How to Step Off (And Stay Off) The Credit Card Treadmill

Date posted: Feb. 26, 2016
Credit Cards

Photo Credit: frankieleon

Most Canadians are aware of dangers of credit card debt. We’ve all seen the stories on the news of people who accumulate massive loads of debt from mindless spending on useless consumer goods. I'm sure you've seen those stories and thought "that will never happen to me."

But even if you have the best intentions of staying out of credit card debt, sometimes life happens, and if you don't prepare for these emergencies, the only place to turn is to your plastic. For many Canadians, the only choice to bridge the financial gap during employment, divorce, or illness is to carry a balance on a credit card.

While credit cards can be a short term solution to these problems, a high credit card balance can quickly get out of hand, and you may find yourself in a cycle of paying the balance and running it up again as unexpected expenses continue to pop up. This charge-pay-charge cycle is called the credit card debt treadmill, and the sooner you get off it, the better.

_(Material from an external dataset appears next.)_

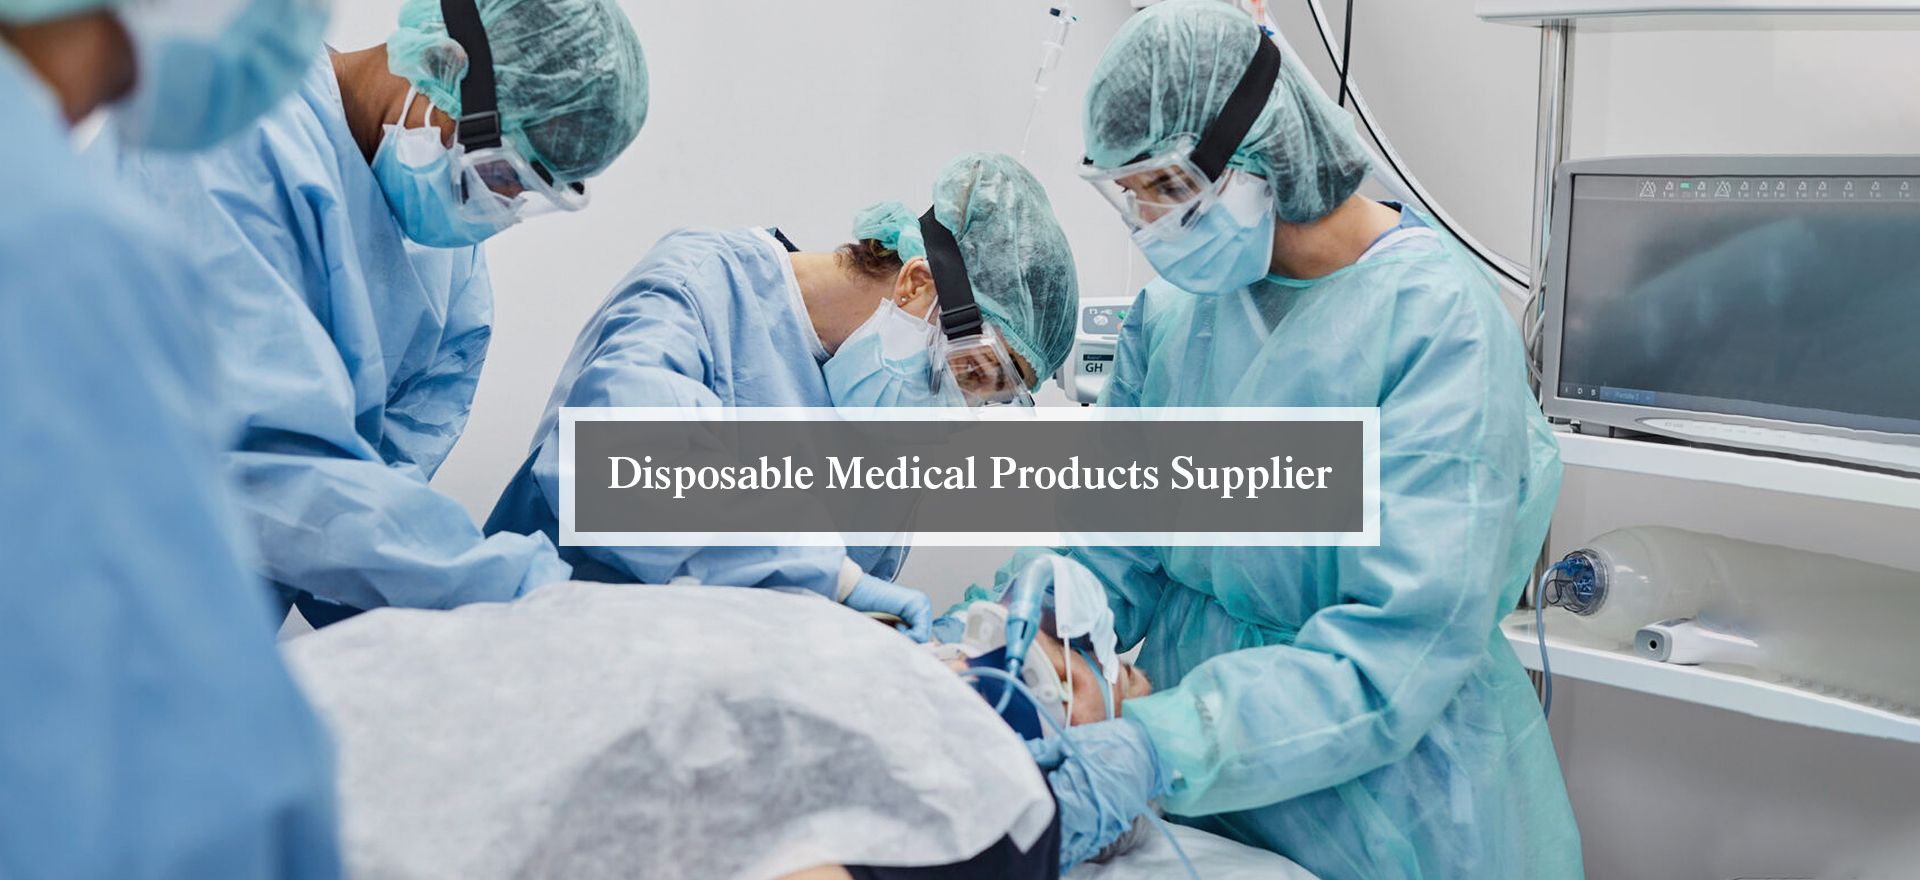 Disposable Medical Products Supplier

Carrying a balance on your credit card can be very expensive over the long term, especially if you are only making the minimum payment. For example, if you make minimum monthly payments on a $5,000 credit card balance with an interest rate of 19.99%, it will take you 20 years to pay off the balance, and you’ll pay $5,983.91 in just interest.

Simply put, you won’t progress far down the path to financial prosperity if you don’t get off the credit card debt treadmill. To help you step off the treadmill for good, I've prepared the following tips:

Build a Buffer

It may seem counter-intuitive that my first piece of advice for paying off credit card debt is to save money, but hear me out.

One of the most frequent reasons Canadians accumulate credit card debt in the first place is because emergencies happen and they don’t have enough savings to cover the cost. They turn to credit cards to bridge the gap, and before they can pay off the balance, more expenses pop up. Before they know it, they’re on the credit card debt treadmill.

The only way to stop this cycle is to put money into a savings account for a rainy day. If you have money in the bank to rely on, you won’t need to turn to your credit cards when unexpected expenses arise.

Saving just $2,000 lets you stop charging costs to your credit card and focus on paying it off instead. Once your debt is paid off, you can concentrate on building up a bigger savings buffer (known as an emergency fund) that can withstand more major emergencies like job loss or illness, so you’ll never have to rely on your credit cards again.

Lower Your Interest Rate

Your interest rate affects how quickly you can pay off your debt. If your interest rate is high, more of your debt payments are going towards interest and less towards paying down the principle balance.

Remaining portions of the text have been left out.